Task data:
----

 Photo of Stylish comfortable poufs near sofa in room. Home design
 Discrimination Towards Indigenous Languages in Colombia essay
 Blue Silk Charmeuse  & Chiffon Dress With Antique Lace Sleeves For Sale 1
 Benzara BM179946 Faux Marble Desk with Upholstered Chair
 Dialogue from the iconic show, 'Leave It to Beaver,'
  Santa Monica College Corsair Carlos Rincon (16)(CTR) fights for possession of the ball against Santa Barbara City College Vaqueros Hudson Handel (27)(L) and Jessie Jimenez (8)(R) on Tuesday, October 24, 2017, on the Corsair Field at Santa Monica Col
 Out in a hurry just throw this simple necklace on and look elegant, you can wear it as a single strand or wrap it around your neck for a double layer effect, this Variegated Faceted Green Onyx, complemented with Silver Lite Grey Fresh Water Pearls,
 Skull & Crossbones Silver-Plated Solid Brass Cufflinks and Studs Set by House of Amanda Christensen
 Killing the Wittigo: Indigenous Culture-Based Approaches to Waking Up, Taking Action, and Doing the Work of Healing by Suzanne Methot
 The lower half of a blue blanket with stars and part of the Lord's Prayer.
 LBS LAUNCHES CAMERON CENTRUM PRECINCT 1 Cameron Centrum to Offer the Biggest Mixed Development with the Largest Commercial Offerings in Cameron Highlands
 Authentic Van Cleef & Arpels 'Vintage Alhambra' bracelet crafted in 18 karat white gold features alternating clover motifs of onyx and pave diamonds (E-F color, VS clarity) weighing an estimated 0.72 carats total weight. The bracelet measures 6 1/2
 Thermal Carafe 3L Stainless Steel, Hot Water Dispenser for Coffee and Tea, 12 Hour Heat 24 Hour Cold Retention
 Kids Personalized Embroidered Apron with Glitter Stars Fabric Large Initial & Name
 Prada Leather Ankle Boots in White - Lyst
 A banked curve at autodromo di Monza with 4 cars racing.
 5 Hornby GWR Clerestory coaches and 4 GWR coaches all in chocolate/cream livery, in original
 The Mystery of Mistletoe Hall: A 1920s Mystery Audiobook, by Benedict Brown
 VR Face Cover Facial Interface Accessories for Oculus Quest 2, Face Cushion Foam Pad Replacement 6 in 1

----

Work order: Go through the entries above and report each line with the string "Indigenous" in it.

Response to this task:
 Discrimination Towards Indigenous Languages in Colombia essay
 Killing the Wittigo: Indigenous Culture-Based Approaches to Waking Up, Taking Action, and Doing the Work of Healing by Suzanne Methot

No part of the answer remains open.